Auf der Surbbrücke erklärt Lienhard Suter die Funktion des Wehrs, über das der Zufluss des Wassers zum kurzen Oberwasserkanal und damit auf die Turbine geregelt wird. An diesem Wehr – und an der Restwassermenge, die nach Ansicht des Kantons von bisher 50 Liter pro Sekunde auf 130 Liter erhöht werden soll -- scheiden sich sozusagen nicht bloss die Wasser, sondern auch die Geister. 2007 lief die Konzession für das Kleinkraftwerk aus. Das Gesuch für die Erneuerung stiess beim Kanton auf Widerstand. 2009 verfügte der Kanton den Abbruch des Wehrs.

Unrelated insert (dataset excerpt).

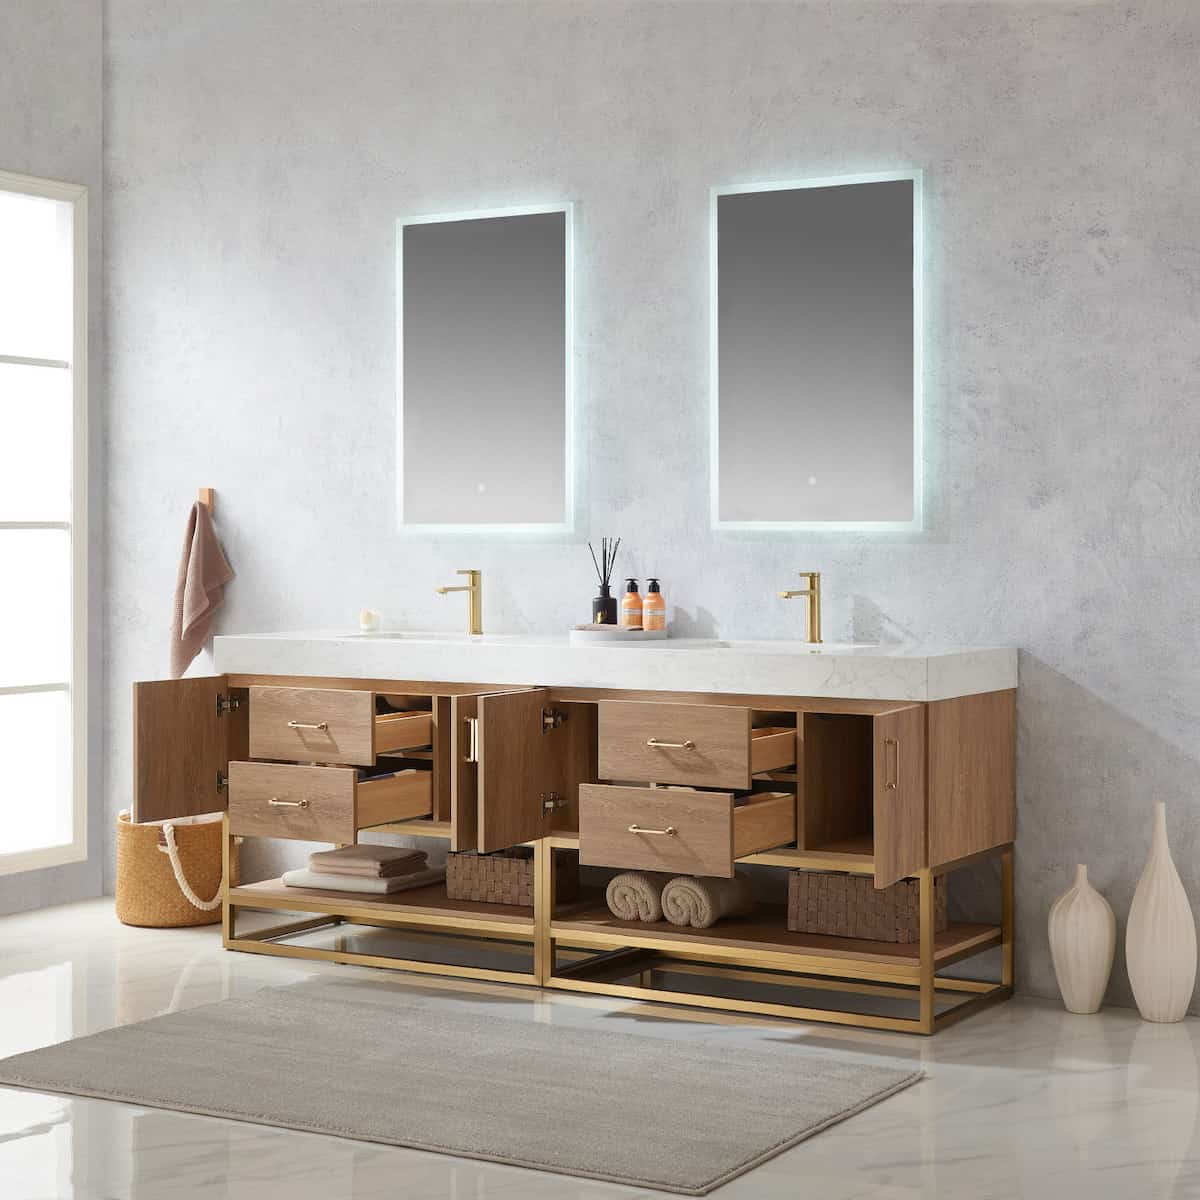 Vinnova Alistair 84 Inch Freestanding Double Vanity in North American Oak and Brushed Gold Frame with White Grain Stone Countertop With Mirrors Inside 789084-NO-GW

Das hätte dem Kraftwerk den Todesstoss gegeben. In Lengnau formierte sich eine Interessengemeinschaft für den Erhalt des Kleinkraftwerks. Diese Interessengemeinschaft erhob Einsprache gegen die Verfügung des Kantons. Zurzeit liegt ein überarbeitetes Gesuch für das Kleinkraftwerk beim Kanton. Dieses Gesuch sieht unter anderem einen Ersatz des Wehrs durch eine halbautomatische Anlage vor.

«Mit dem halbautomatischen Wehr ist der Hochwasserschutz gewährleistet», betont Bruno Jeggli von der Interessengemeinschaft. «Aber auch das bestehende Wehr weist bei Hochwasser genügend Schluckvermögen auf. Das Problem ist das Schwemmholz, das sich am Mittelpfeiler der Brücke ansammelt. Daher soll es ja auch eine neue Brücke ohne Mittelpfeiler geben.» Im Gegensatz zum halbautomatischen Wehr erfordert die bestehende Anlage eine stetige Präsenz. «Das hat aber immer funktioniert», stellt Lienhard Suter fest. «Wir haben die nötige Erfahrung und Routine. Wir wissen, dass eine bis anderthalb Stunden nach einem starken Niederschlag an der Lägern das Wasser kommt.»

Teil des Dorfbilds

«Die Mühle und ihr Kraftwerk haben einen wichtigen Stellenwert, wenn es um den Erhalt des Ortsbildes geht», erklärt Bruno Jeggli. «Das Ensemble steht denn auch unter Ortsbildschutz.» Das soll so bleiben. «Wir wollen uns für den Erhalt des Kleinkraftwerkes unter Berücksichtigung des Hochwasserschutzes einsetzen», betont Bruno Jeggli. Nicht nur bei der IG hat man sich daher gewundert, dass das Ensemble plötzlich nicht mehr unter Schutz stehen soll.

Seit Kurzem befasst sich eine Arbeitsgruppe, der Gemeindeammann Kurt Schmid, Mario Schönenberger von der IG Erhalt des Kleinkraftwerks, Fischereiaufseher Adolf Bolliger und ein Vertreter des Kantons angehören, mit der Zukunft des kleinen Wasserkraftwerks. «Ziel ist der Erhalt der Anlage», erklärt Lienhard Suter. «Es gibt dazu verschiedene Varianten.» Und Othmar Suter sagt: «Man sucht einen Konsens.»